"Jaeda?"
I sense her confusion and bolt out of my warm bed to rescue her - she won the twin sister lottery for the top bunk, another new sleeping arrangement, and I'm not entirely confident that she can get down by herself, especially in the dark.
Back in bed, I lay there wondering - how did I know it was Jaeda and not Tristyn? And why did it matter, really? My child needed assistance going pee at 2am - a perfectly normal occurence.
I recall a night perhaps 2 years ago, before the girls had turned one. We were staying at my father-in-law's place in White Rock, just outside of Vancouver B.C. The girls slept in pack-n-plays at the foot of our bed.
Without any warning or reason, I suddenly knew that Jaeda needed me. Mind you, this was in the midst of 11 months of sleep deprivation, and I would have done anything to avoid an interruption of sleep, especially without reason.
Both girls were gloriously quiet.
But as I reached into Jaeda's crib, my heart was pounding and I began to call out her name as I realized, horrified, that the elastic cord of the sleeping bag placed between the sheet and the mattress for padding was wrapped around her neck and torso so many times that I could not untangle her from it's grip.

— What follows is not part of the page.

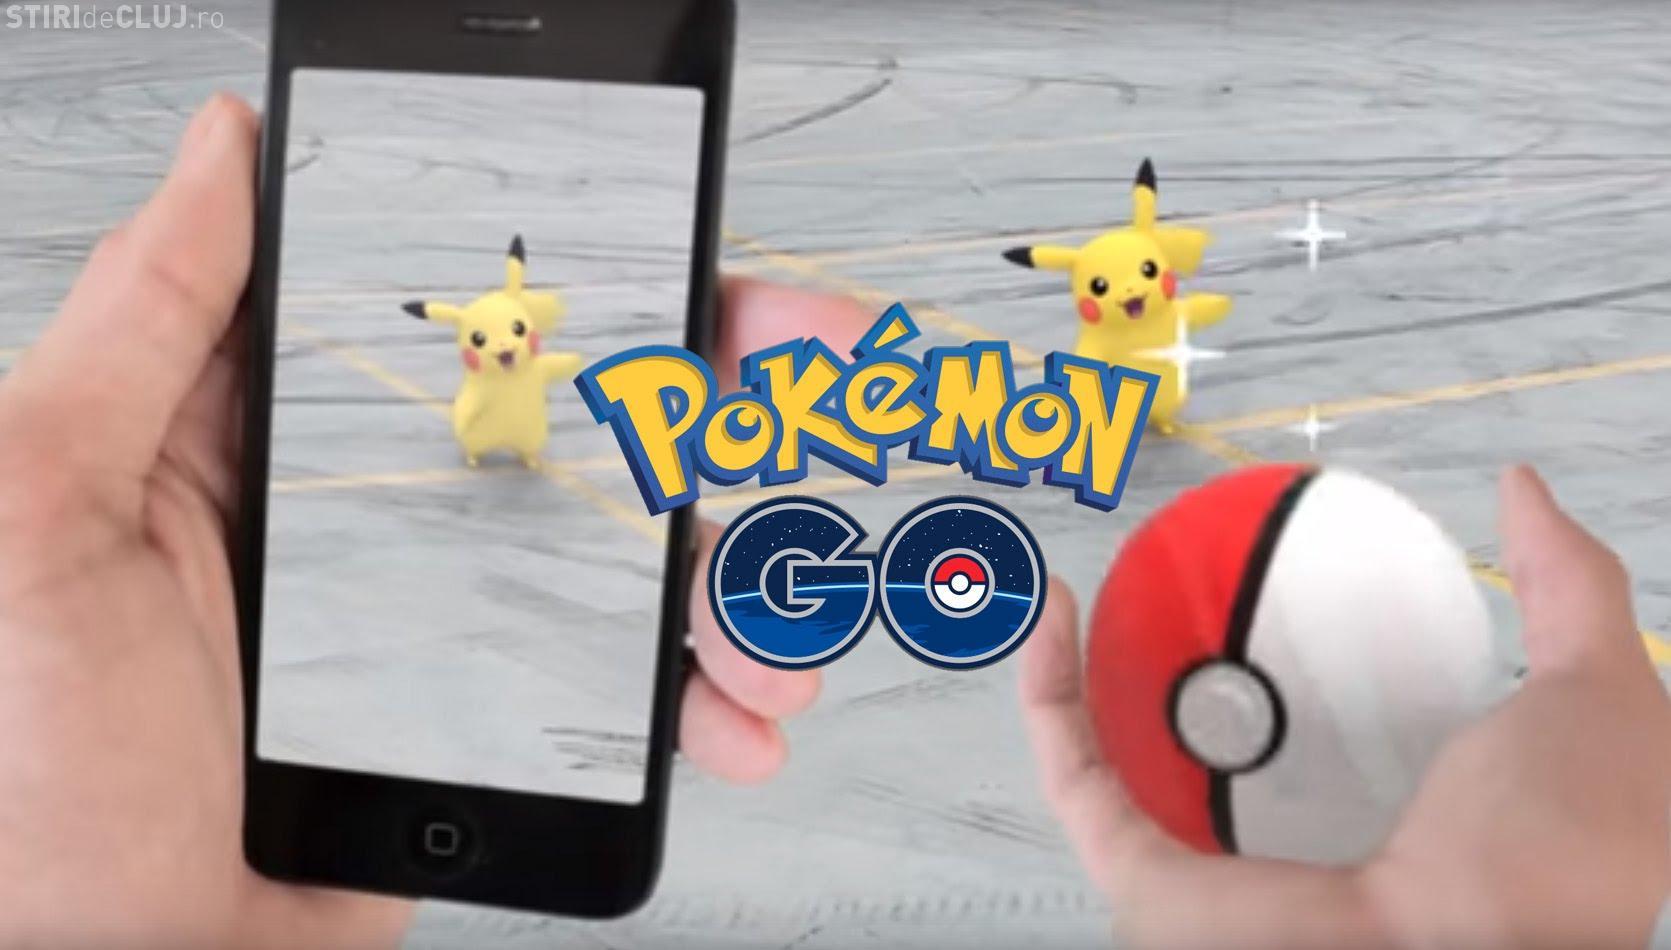 Pokemon Go a rupt recordurile! A devenit cel mai popular joc din istorie în doar 8 zile

Seconds felt like minutes as I freed her and felt her breath on my neck. I cradled her tiny body and cuddled her up next to me, holding her as though my life depended on it.
A moment in time can drastically change the course of so many lives. Tristyn would be a twinless twin and my husband and I would lose a piece of our hearts forever.
I can only hope that I have more positive life changing moments in my life than negative ones.